It is a little-known fact that 'broker' is a legally protected word. Under the 1977 Insurance Brokers Registration Act, only those individuals who have paid their pounds 60 application fee can use the description.

The Insurance Brokers Registration Council (IBRC) guards the term like a dog with a delicious bone.

You might think it was a label that conferred status, pride and wealth on those who wore it.

'It should only be used - legally and morally - by people registered with us,' says the IBRC.

Companies as well as individuals can be registered (at a cost of pounds 250). So companies cannot include the word broker in their names unless they have paid up.

As well as registered brokers, there may be tied agents and non-registered people calling themselves brokers, all selling insurance. But what else should the interlopers call themselves? The English language is not so easily hijacked.

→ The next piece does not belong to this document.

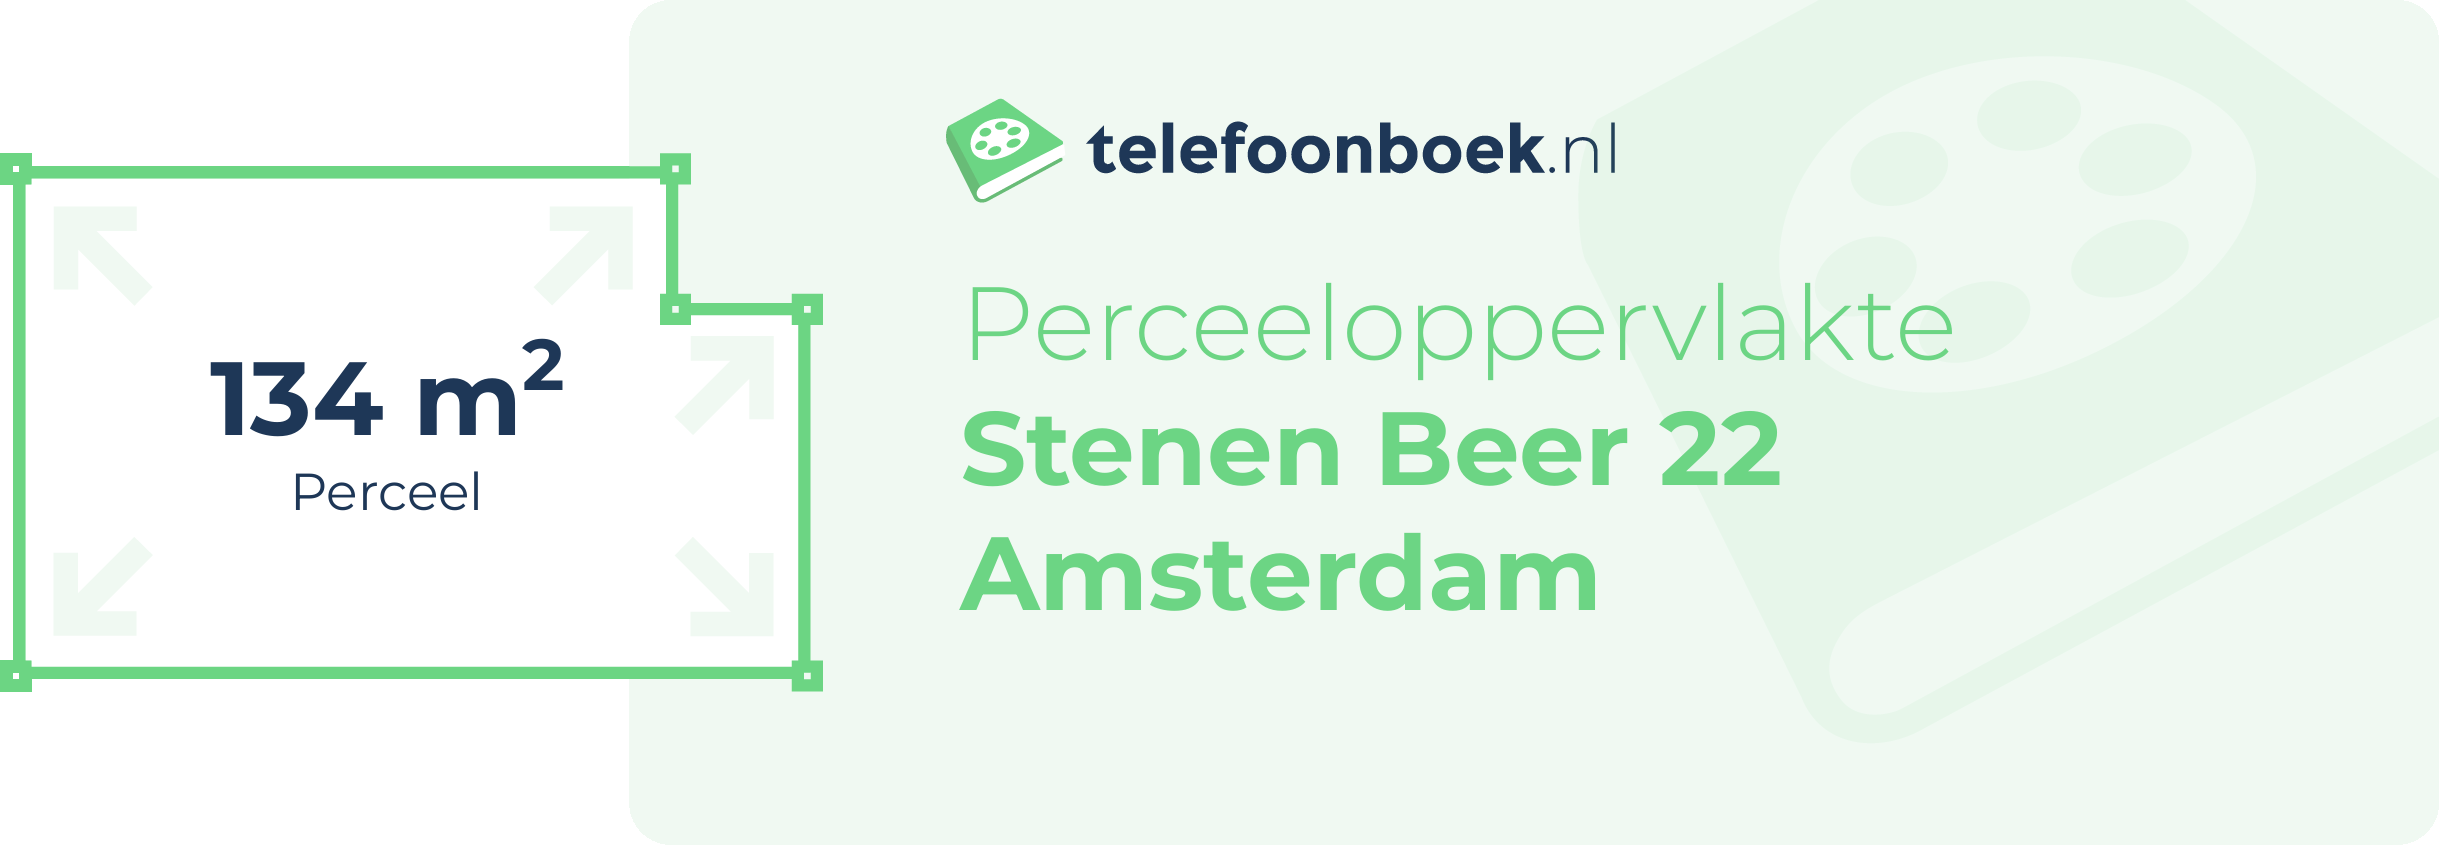 Perceeloppervlakte Stenen Beer 22 Amsterdam

There is no other handy description of someone who sells insurance.

The term 'intermediary' suggested by the British Insurance and Investment Brokers Association (Biiba) does not trip lightly off the tongue or look good over the shop front.

Yellow Pages has been accepting listings under the 'Insurance Brokers' heading willy-nilly. But it is not the IBRC that has been steaming; it is Biiba, the trade body, that is on the warpath.

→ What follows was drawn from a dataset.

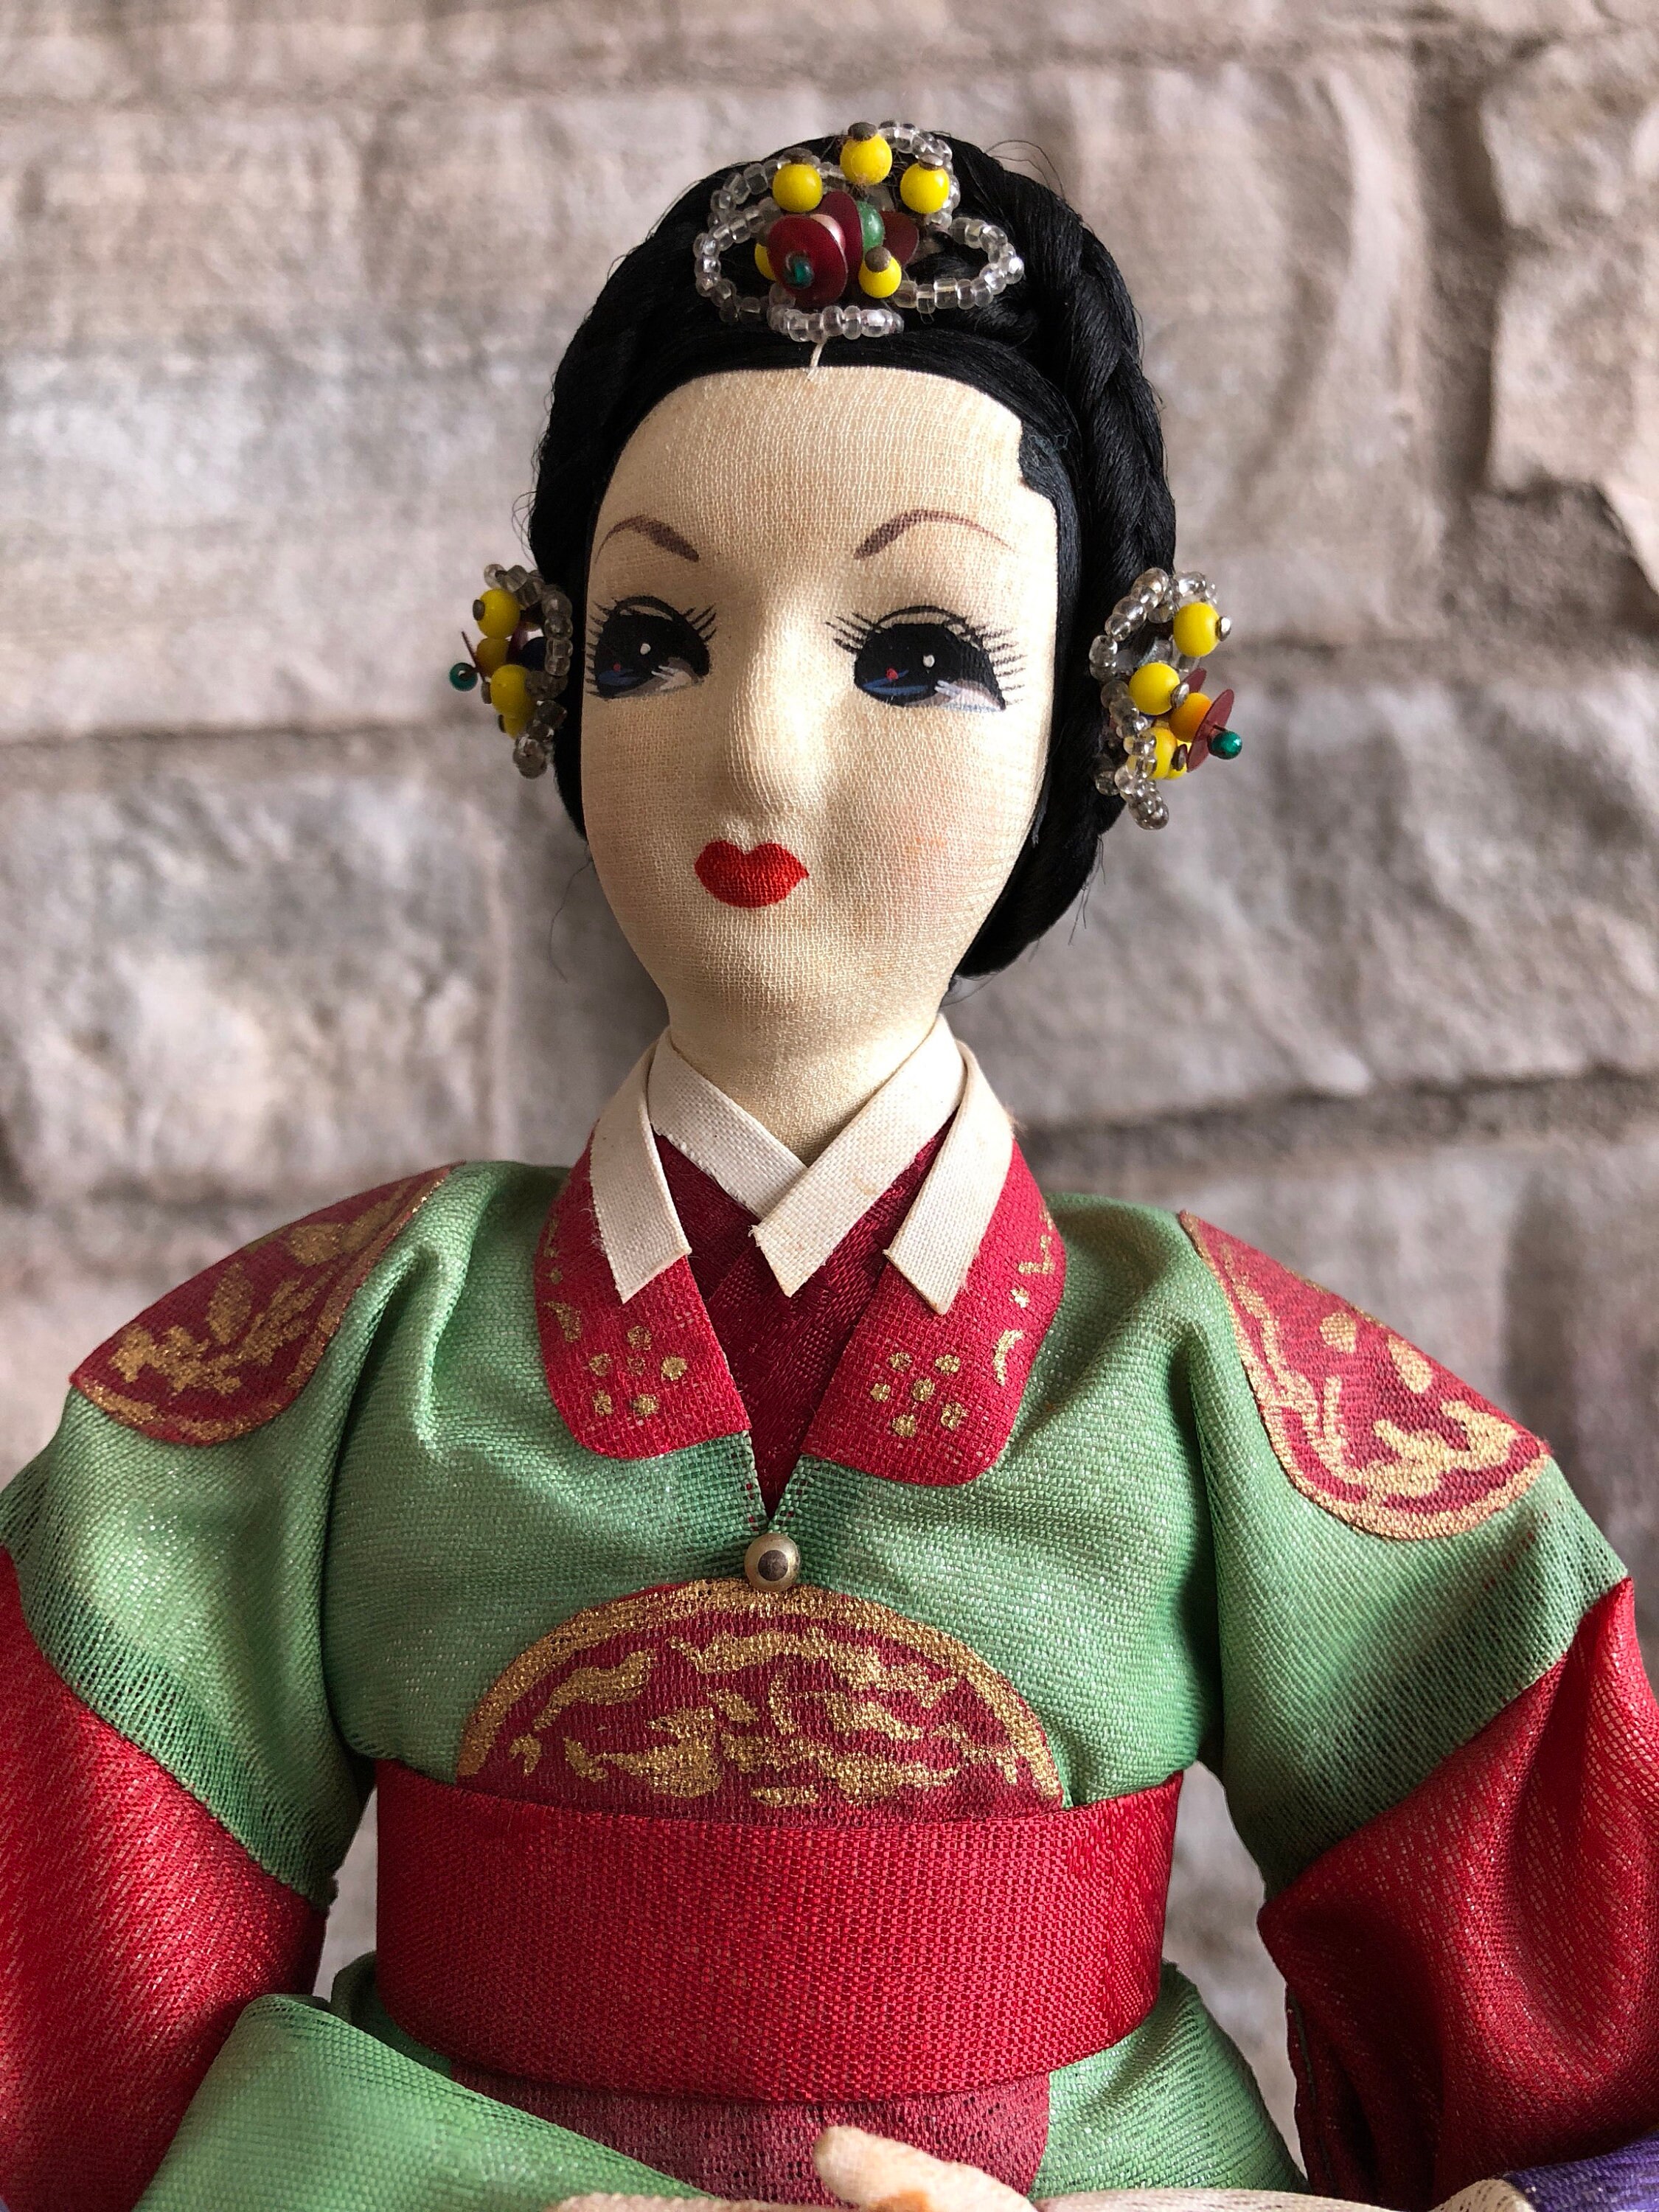 NUOLUX Korean Decor Geisha Kimono Japanese Homeasian Desktop Dolls  Figurines Hanbokon Style Figurine Ancient Samurai Vintage

It is particularly sensitive since a Which? report last month said most advice from brokers was 'truly abysmal'. Of 82 brokers selected from Yellow Pages, 53 recommended clearly inappropriate insurance policies, but 11 of them were not entitled to call themselves brokers.

Instead of worrying about the 42 registered brokers that were giving poor advice, Biiba has turned its fury on Yellow Pages for misleading the public by allowing the unregistered to be listed under 'Insurance Brokers'.

The IBRC is content to settle for checking the listings after publication and then sorting things out, but Biiba wants pre-publication vetting.

An IBRC-registered broker has to stick with its code, which says, for instance, that quotations have to be honoured. And real brokers' clients can always turn to the IBRC compensation scheme.

But until real brokers provide real quality service, the term broker is hardly worth defending with such a huge expenditure of energy.

It would be better spent raising standards.

IF YOU THINK there is an ombudsman to complain to about every corner of your financial life, you are wrong.

There is one for banking, building societies, insurance, and even the large estate agents. The Investment Referee has his patch, the Inland Revenue and National Savings have adjudicators, and there is the grand-daddy of them all who deals with government foul-ups. But with friendly societies you draw a blank. Each society will have its own procedures. Homeowners, for instance, turn to a single arbitrator or can have the matter referred to the County Court. That sounds much less comforting than an industry-wide scheme.

It is about time the friendly societies joined the ombudsman club.

THE GOVERNMENT has abandoned its plans to raise the retirement age for women to 65.

The idea took shape when it expected to be forced to equalise National Insurance contributions and thought that equalising the state pension was a natural consequence. But the DSS unexpectedly won the case in the European Court launched by a man who objected to having to pay NI contributions for five years longer than a woman.

So there is nothing coming from Europe to force the Government into equalising state pension ages.

Pensions expert Bryn Davies has written a paper, Better Pensions for All, to be published this week. He calls for a minimum income in retirement as a right based on solidarity between generations. He says it is the older generation of women, with the poorest pension prospects, who would have suffered most from equalisation.

The Government was never going to win any friends by raising women's retirement age. The revenue-neutral move would have been retirement for all at 63 or 64. That would still annoy women and would not be enough to bring whoops of joy from men.

So expect to see this initiative quietly shelved.